Directions for this task ▸ Only the lines holding the string "with" are needed; copy each of them from the data.

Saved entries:
────────────────
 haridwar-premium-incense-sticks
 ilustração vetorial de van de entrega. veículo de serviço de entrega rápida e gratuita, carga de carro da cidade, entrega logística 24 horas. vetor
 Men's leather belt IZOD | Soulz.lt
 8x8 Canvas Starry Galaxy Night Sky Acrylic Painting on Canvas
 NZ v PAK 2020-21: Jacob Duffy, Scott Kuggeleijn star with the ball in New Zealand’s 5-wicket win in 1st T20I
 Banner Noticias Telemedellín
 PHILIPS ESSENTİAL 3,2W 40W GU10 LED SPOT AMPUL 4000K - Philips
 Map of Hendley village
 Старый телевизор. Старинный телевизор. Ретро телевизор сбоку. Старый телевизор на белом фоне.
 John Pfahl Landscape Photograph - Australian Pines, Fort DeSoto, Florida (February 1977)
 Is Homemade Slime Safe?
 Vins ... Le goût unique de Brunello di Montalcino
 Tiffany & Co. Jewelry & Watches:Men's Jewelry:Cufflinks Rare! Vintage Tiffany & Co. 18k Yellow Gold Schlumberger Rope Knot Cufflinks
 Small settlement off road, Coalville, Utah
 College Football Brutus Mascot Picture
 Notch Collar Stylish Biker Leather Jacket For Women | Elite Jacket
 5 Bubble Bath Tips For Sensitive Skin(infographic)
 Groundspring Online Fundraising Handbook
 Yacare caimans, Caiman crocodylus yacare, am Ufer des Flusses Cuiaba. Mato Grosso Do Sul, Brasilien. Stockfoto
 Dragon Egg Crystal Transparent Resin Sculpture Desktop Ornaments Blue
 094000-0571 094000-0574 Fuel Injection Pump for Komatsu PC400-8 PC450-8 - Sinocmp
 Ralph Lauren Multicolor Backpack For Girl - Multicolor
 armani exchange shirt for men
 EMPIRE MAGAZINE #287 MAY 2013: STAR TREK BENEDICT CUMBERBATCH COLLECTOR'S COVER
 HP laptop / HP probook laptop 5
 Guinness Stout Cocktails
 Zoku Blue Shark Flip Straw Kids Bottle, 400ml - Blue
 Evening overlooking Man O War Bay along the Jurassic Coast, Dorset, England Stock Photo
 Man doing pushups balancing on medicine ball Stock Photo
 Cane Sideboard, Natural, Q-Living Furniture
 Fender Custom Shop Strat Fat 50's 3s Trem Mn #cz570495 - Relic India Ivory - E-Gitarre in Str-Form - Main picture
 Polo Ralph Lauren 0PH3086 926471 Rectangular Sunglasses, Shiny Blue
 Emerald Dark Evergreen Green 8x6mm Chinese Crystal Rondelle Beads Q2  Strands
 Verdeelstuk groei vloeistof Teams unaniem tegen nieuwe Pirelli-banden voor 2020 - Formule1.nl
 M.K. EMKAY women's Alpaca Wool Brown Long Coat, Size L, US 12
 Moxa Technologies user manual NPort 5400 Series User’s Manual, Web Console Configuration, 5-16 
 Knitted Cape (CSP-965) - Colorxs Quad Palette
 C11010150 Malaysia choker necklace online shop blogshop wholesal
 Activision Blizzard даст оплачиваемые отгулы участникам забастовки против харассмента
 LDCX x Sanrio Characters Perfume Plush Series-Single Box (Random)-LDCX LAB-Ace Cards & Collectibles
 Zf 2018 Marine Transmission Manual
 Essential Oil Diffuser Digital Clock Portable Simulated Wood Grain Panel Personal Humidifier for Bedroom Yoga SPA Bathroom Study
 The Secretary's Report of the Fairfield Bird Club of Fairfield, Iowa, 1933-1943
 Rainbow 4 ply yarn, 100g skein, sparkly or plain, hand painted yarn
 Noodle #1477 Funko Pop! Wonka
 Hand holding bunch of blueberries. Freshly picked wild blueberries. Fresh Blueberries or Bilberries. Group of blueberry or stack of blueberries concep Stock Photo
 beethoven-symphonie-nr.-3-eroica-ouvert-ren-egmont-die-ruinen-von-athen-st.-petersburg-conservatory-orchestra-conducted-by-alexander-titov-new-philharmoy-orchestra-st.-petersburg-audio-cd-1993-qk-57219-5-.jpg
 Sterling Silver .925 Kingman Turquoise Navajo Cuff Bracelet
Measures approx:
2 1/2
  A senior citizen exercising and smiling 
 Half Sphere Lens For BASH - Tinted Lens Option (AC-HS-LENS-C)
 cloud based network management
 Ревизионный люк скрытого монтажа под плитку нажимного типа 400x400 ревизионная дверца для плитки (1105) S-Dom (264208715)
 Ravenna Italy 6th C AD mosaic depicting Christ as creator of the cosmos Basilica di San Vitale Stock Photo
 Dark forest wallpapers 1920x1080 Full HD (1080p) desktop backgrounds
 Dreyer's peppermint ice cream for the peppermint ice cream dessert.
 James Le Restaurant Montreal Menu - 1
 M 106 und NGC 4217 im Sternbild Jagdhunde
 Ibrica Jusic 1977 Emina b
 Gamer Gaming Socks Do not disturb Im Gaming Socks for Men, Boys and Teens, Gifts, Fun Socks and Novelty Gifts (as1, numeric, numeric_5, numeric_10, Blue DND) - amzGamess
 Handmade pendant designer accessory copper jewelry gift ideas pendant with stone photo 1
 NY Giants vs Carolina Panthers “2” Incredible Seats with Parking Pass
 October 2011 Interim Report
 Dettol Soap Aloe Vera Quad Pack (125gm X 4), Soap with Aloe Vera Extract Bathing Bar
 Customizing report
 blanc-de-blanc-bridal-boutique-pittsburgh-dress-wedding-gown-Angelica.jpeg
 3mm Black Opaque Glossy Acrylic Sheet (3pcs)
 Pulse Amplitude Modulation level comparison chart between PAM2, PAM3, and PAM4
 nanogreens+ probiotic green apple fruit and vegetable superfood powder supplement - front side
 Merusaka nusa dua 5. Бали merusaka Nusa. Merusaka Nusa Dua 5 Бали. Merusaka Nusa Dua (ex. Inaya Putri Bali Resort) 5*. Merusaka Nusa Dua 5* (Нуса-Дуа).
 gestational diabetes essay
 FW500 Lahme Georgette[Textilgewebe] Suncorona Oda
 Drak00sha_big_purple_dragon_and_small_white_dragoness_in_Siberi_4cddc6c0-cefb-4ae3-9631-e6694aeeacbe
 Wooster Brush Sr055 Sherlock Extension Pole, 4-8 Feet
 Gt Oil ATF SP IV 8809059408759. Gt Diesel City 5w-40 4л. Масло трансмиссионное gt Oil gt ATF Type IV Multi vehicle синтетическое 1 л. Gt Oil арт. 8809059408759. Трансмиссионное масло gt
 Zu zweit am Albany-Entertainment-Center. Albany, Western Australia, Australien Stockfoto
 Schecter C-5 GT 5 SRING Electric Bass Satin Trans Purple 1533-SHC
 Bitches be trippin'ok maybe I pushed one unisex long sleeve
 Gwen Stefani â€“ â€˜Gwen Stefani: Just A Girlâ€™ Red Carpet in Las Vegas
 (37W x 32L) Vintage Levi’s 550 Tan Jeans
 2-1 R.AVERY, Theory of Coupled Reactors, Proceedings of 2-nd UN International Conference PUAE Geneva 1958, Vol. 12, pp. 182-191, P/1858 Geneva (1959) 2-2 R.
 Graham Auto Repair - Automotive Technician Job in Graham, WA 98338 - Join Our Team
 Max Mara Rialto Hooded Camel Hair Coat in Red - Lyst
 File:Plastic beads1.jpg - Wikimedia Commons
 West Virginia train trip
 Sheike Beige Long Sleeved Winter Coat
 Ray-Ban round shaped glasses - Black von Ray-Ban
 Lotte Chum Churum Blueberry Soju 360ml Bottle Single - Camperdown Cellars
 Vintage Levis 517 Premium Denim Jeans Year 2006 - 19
────────────────
Response to the task ▸
 NZ v PAK 2020-21: Jacob Duffy, Scott Kuggeleijn star with the ball in New Zealand’s 5-wicket win in 1st T20I
 Handmade pendant designer accessory copper jewelry gift ideas pendant with stone photo 1
 NY Giants vs Carolina Panthers “2” Incredible Seats with Parking Pass
 Dettol Soap Aloe Vera Quad Pack (125gm X 4), Soap with Aloe Vera Extract Bathing Bar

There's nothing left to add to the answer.